FYI – almost every hotel you mention, was investigated by the ISPR (International Society for Paranormal Research), under the direction of field parapsychologist Dr. Larry Montz. The Omni however, was never investigated and your story comes from my own personal experiences while staying there in June 1995 which landed in my 1997 and 2000 books (therefore, on all the ghost tours) ISPR INVESTIGATES THE GHOSTS OF NEW ORLEANS, and from that, all the information gets so blown out of proportion and lands on all kinds of websites and in articles, without credit to the original source. But if writers and others found out the real source, they would garner the real information (instead of the stories put forth on ghost tours in the French Quarter).
For brief example, regarding the Eva, Ava or Ada at Le Pavillon, those were the names the NOLA clairvoyants of the ISPR picked up on that day of the initial investigation, there were no other sources. Or – “17″ ghosts at the Bourbon Orleans Hotel? Wow – that’s hysterical and I can only imagine the “source” of that info! But not surprising actually – I’ve watched the dramatic ghost tour guides, while claiming that they actually do paranormal research, tell people to actually shoot photos at the windows of the Bourbon Orleans hotel, while standing outside on the street, with a flash yet, and then these guides tell these tour groups that they actually have real ghosts in their photos because of all the “orbs” created from reflections and flashes! It’s hysterical! lol
However, it makes me laugh to see how some hotels are now “SO HAUNTED” when back in the early and mid-1990s, when the bulk of the investigations were conducted by the ISPR, these properties did not want anyone to know about any ghosts in their closets, like the Hotel Provincial – they were extremely against the idea of being investigated and becoming famous for being haunted. But now that it’s ‘cool to be haunted’, let alone extremely profitable, they’ve all jumped on the bandwagon.
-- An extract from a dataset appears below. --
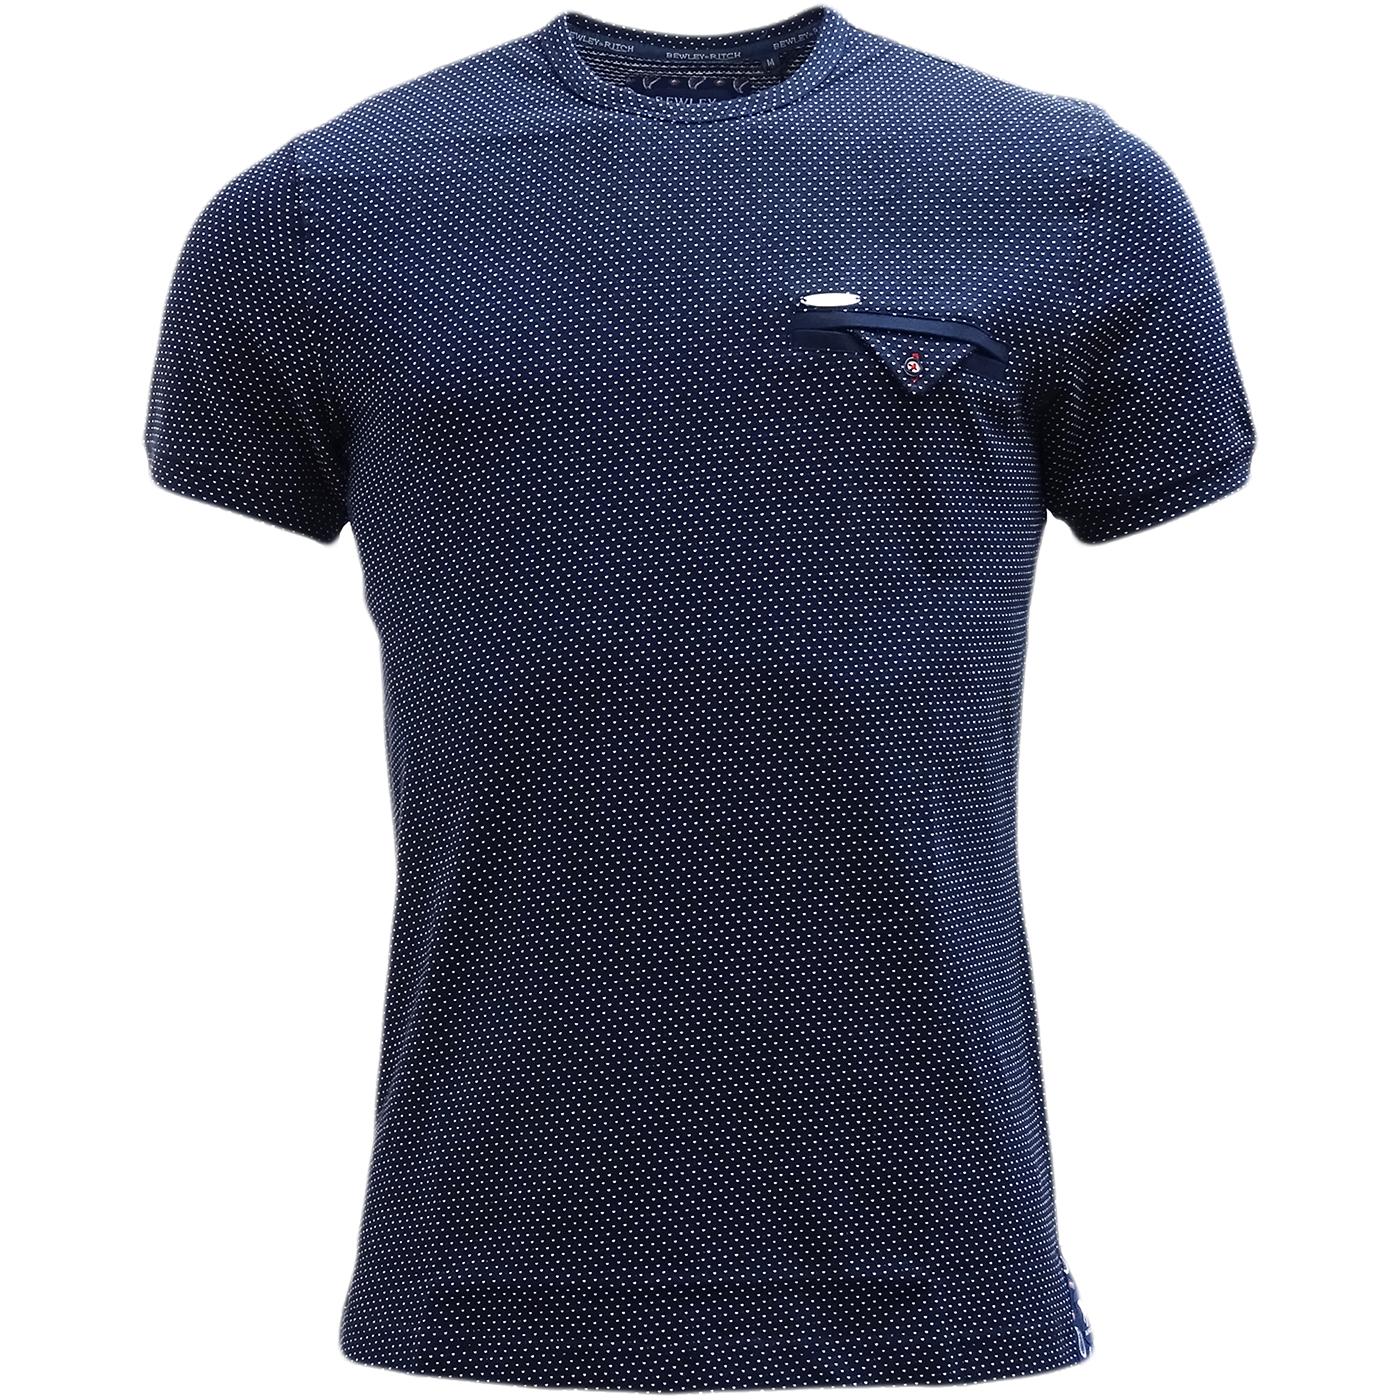 Bewley & Ritch Polka Dot T-Shirt Swain Navy
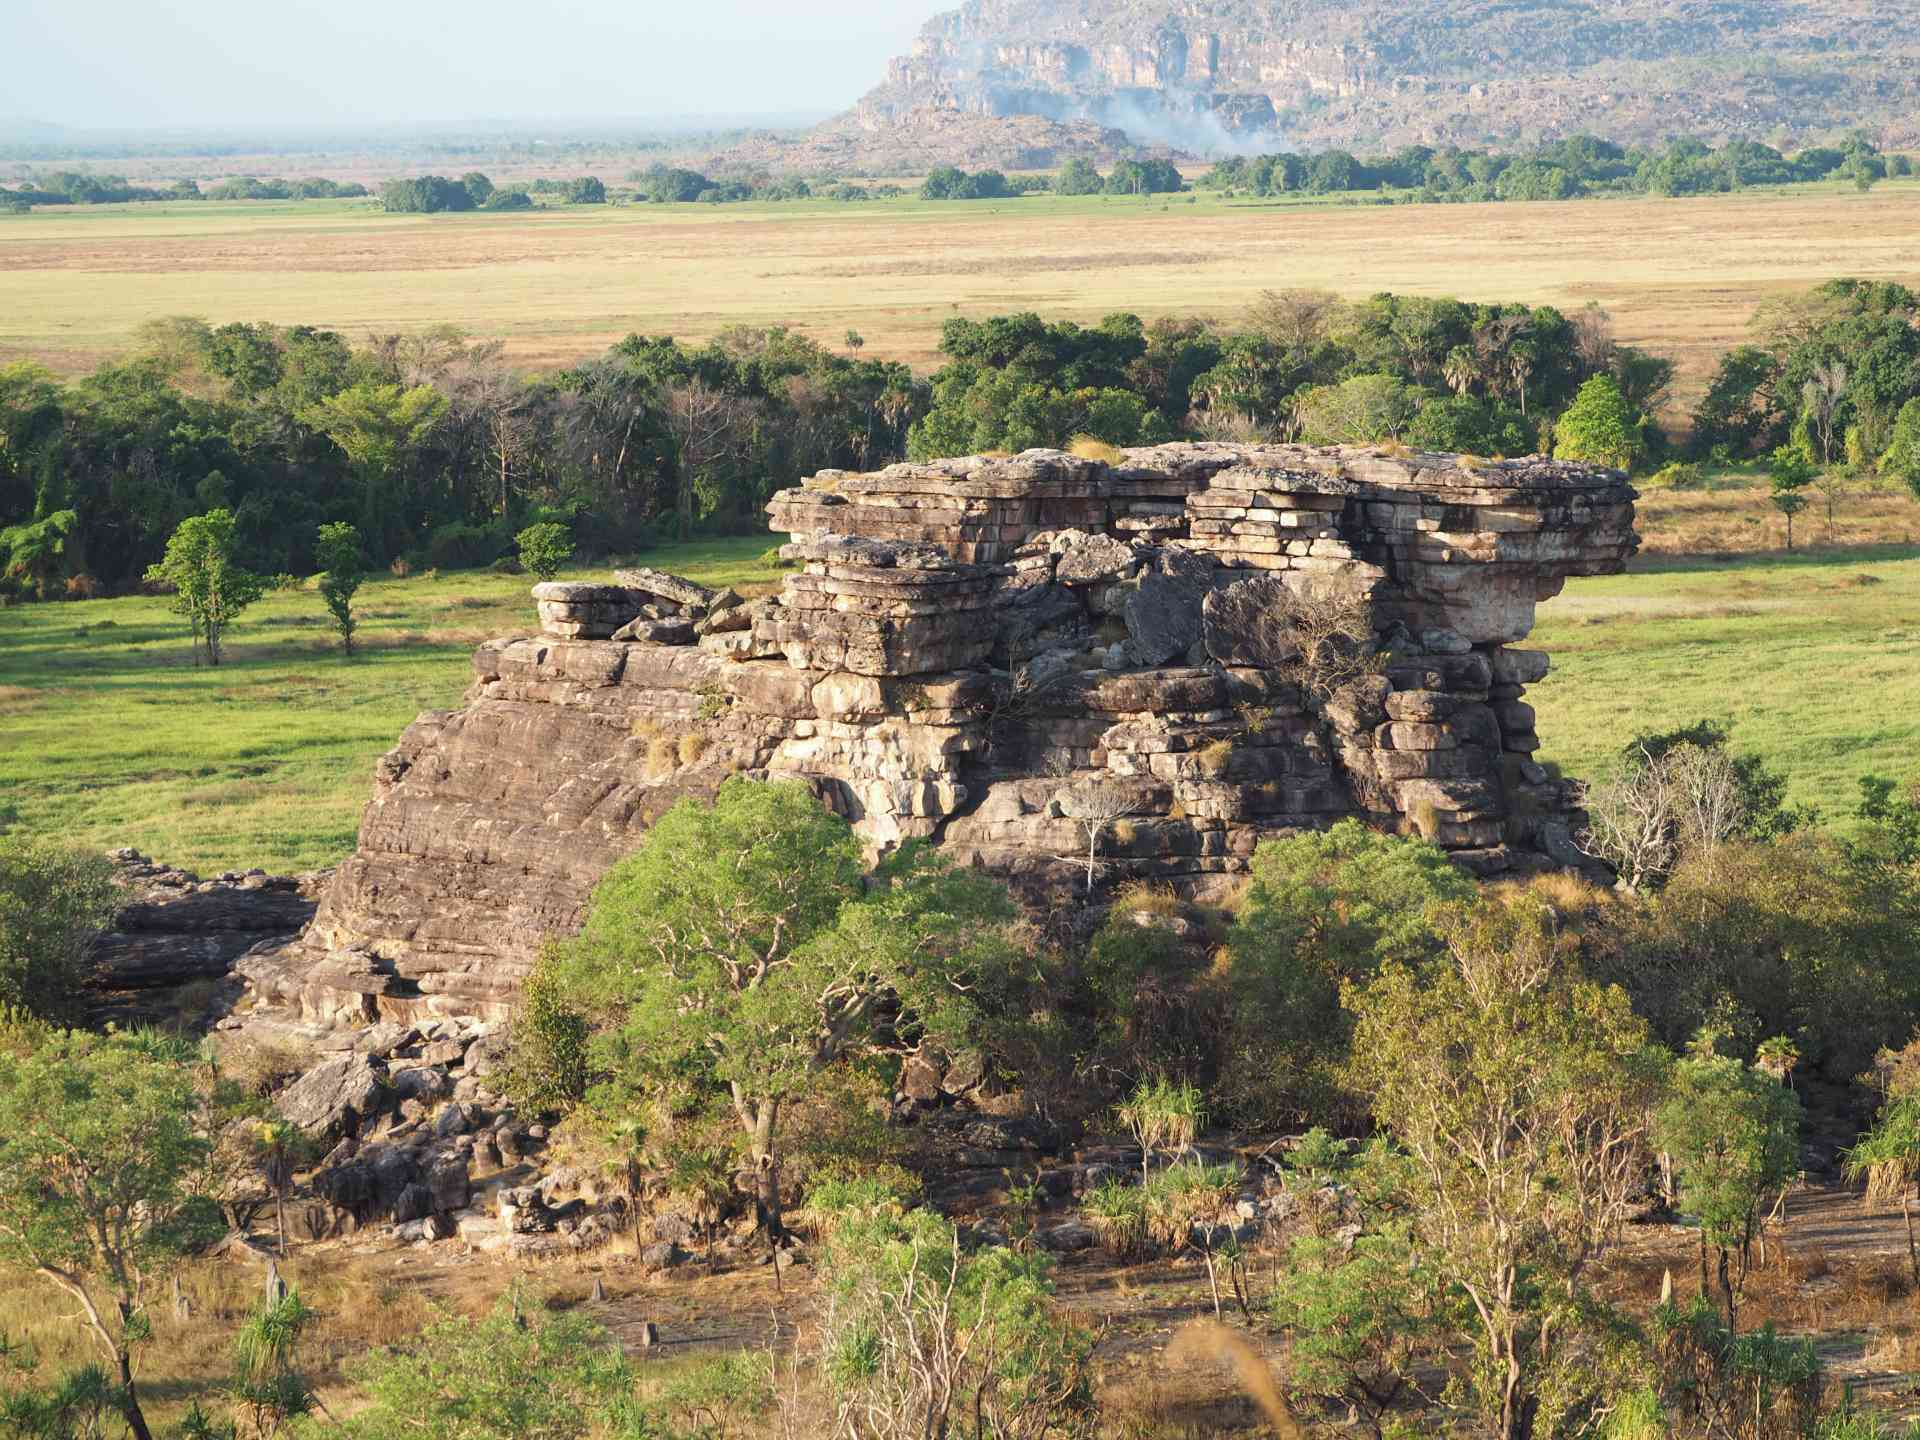 Views on the Ubirr walk, Kakadu, Northern Territory by Annelieke Huijgens

The GHOST EXPEDITIONS(tm) package with GHOST EXPEDITIONS(tm), is available through the Dauphine Orleans Hotel and Le Pavillon Hotel. In fact, GHOST EXPEDITIONS(tm), created by Dr. Larry Montz (1972 founder of the ISPR – International Society for Paranormal Research) is responsible for kicking off the “ghost hunter / paranormal investigator” phenom around the world and was the inspiration for such early paranormal reality shows like FEAR and as recently as CELEBRITY PARANORMAL PROJECT (see websites ISPR.net and GHOST EXPEDITIONS.com for more info).and what created a billion dollar plus paranormal tourism industry.
Now here’s where it comes full circle – what I find most personally interesting is the fact that I stayed at the old Fairmont Hotel in January 1995, during my first visit to New Orleans, which is when I originally met the now world-famous ISPR parapsychologist, Dr. Larry Montz…who had just implemented a few months prior in October 2004, GHOST EXPEDITIONS(tm)!
E.E. Grunewald
Aug 24th, 2009
Thank you for your input and for sharing your knowledge and experience, and perspective. It’s quite intriguing!
Most of my New Orleans research is genealogy-related, so this article was more of an “on the side” thing as far as the research went. Your books sound right up my alley, however, and I plan to check them out sometime.
Your Fairmont experience makes me wonder if Dr. Montz found anything “ghostly” there!